"
"Pretty-looking set of friends!"
"Well, they ain't much to look at, that's a fact; but I never heard of
anybody saying you was to turn a cold shoulder on a helper because he
was homely, except,"--this as the Major was walking away, "except a
secesh, or a fool, or one of little Mac's staff officers."
"Homely? what are you gassing about?" objected a little fellow from
Massachusetts; "the Fifty-fourth is as fine-looking a set of men as
shoulder rifles anywhere in the army."
"Jack's sensitive about the credit of his State," chaffed a big Ohioan.

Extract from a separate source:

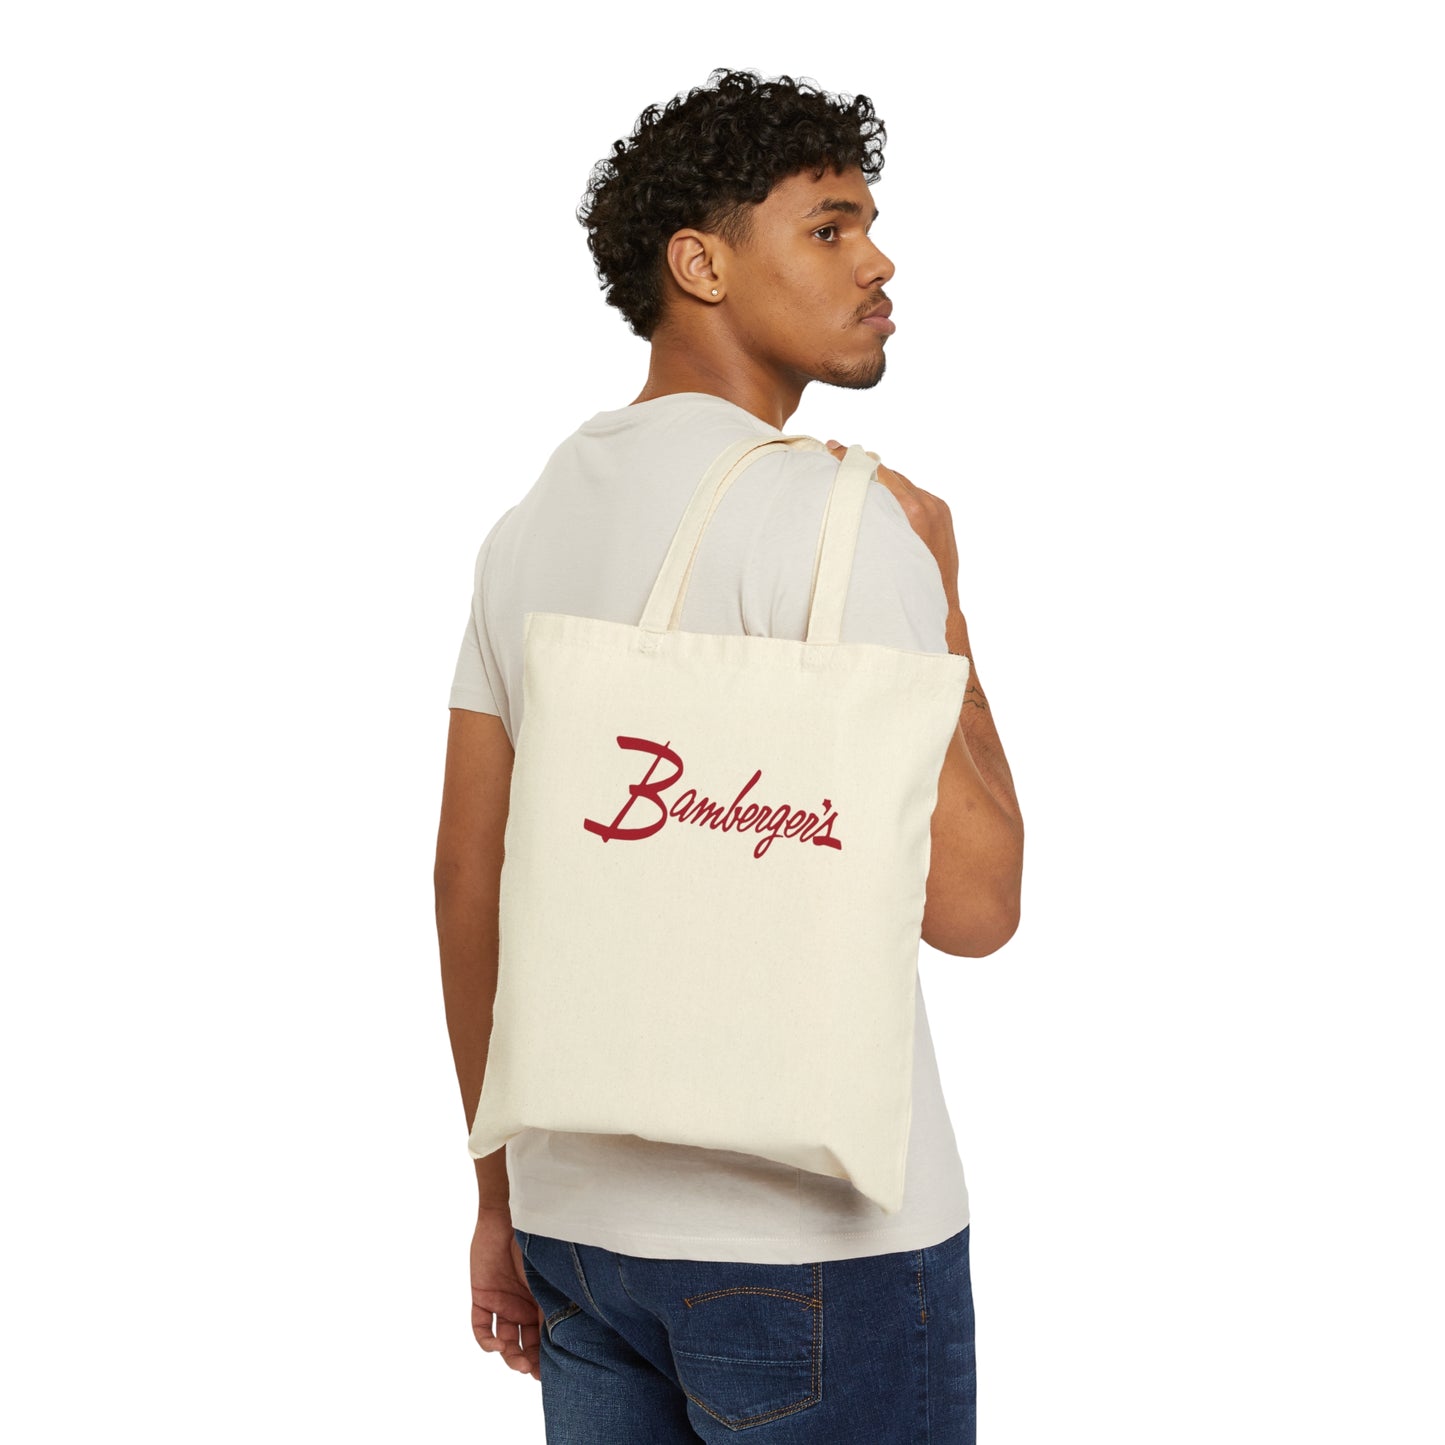 Bamberger's - Canvas Tote Bag
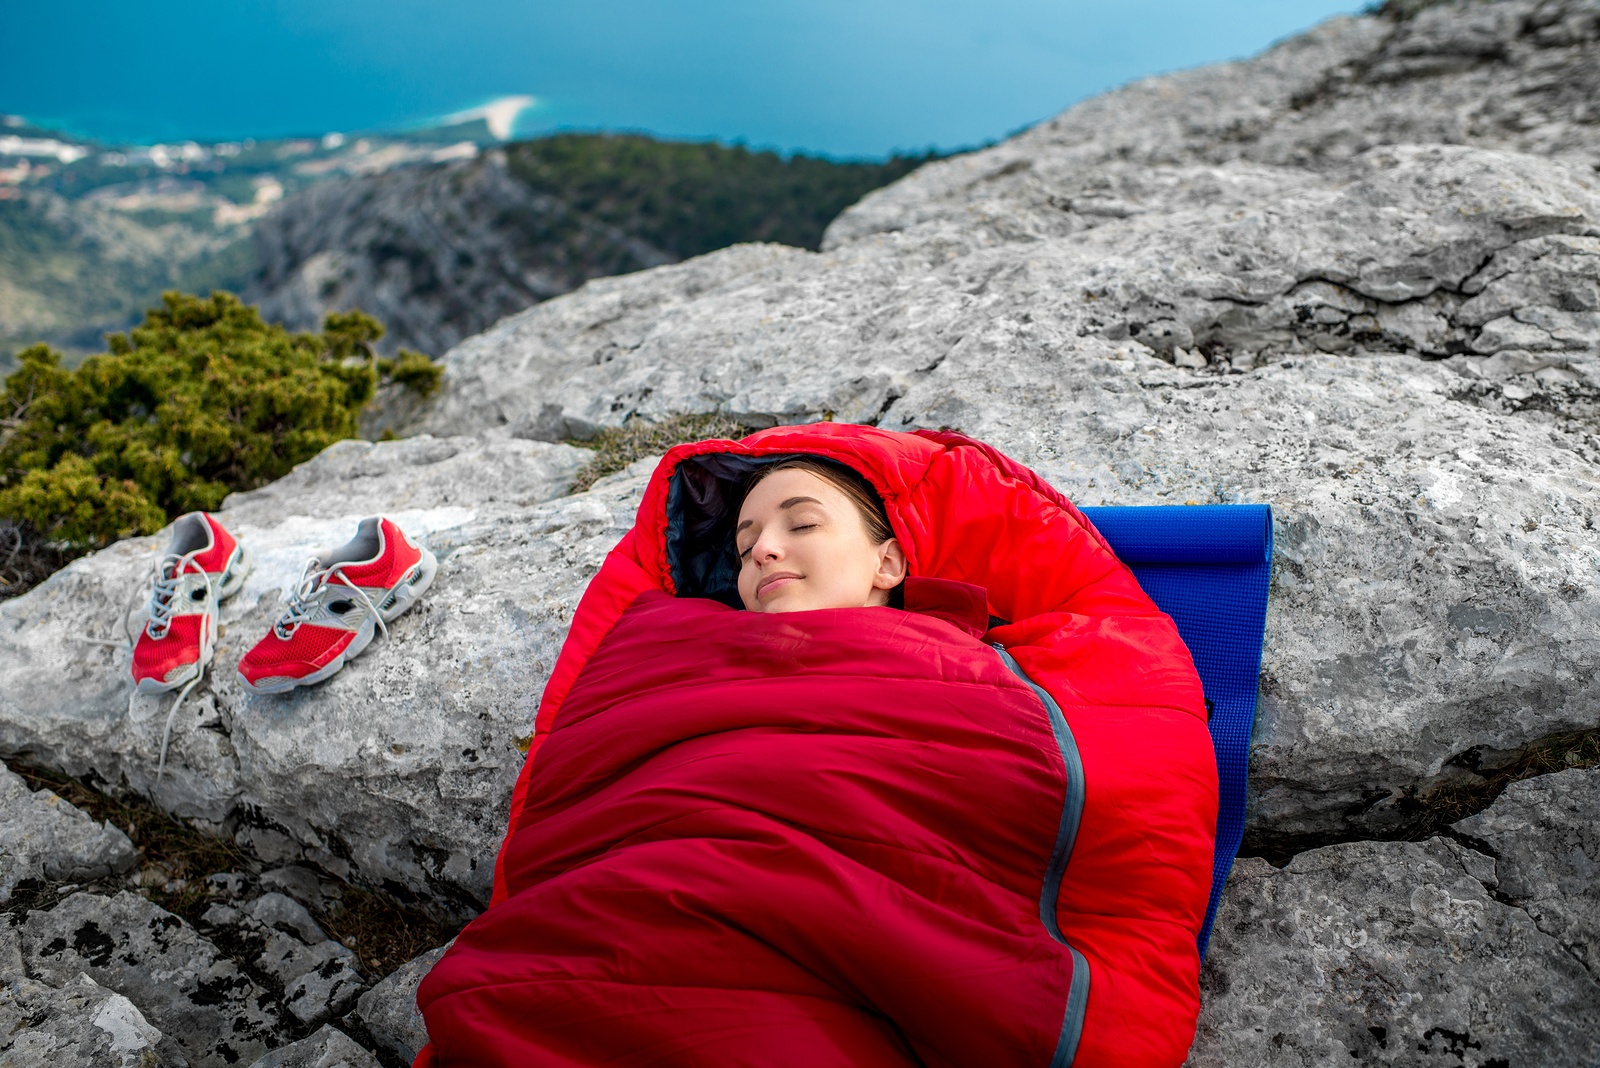 Young woman sleeping in red sleeping bag on the rocky mountain

"He wants to crack up these fellows, seeing they're his comrades. I say,
Johnny, are all the white men down your way such little shavers as you?"
"For a fellow that's all legs and no brains, you talk too much,"
answered Johnny. "Have any of you seen the Fifty-fourth?"
"I haven't." "Nor I." "Yes, I saw them at Port Royal." "And I." "And I."
"Well, the Twenty-third was at Beaufort while they were there, and I
used to go over to their camp and talk with them. I never saw fellows so
in earnest; they seemed ready to die on the instant, if they could help
their people, or walk into the slaveholders any, first. They were just
full of it; and yet it seemed absurd to call 'em a black regiment; they
were pretty much all colors, and some of 'em as white as I am."
"Lord," said Jim, "that's not saying much, you've got a smutty face.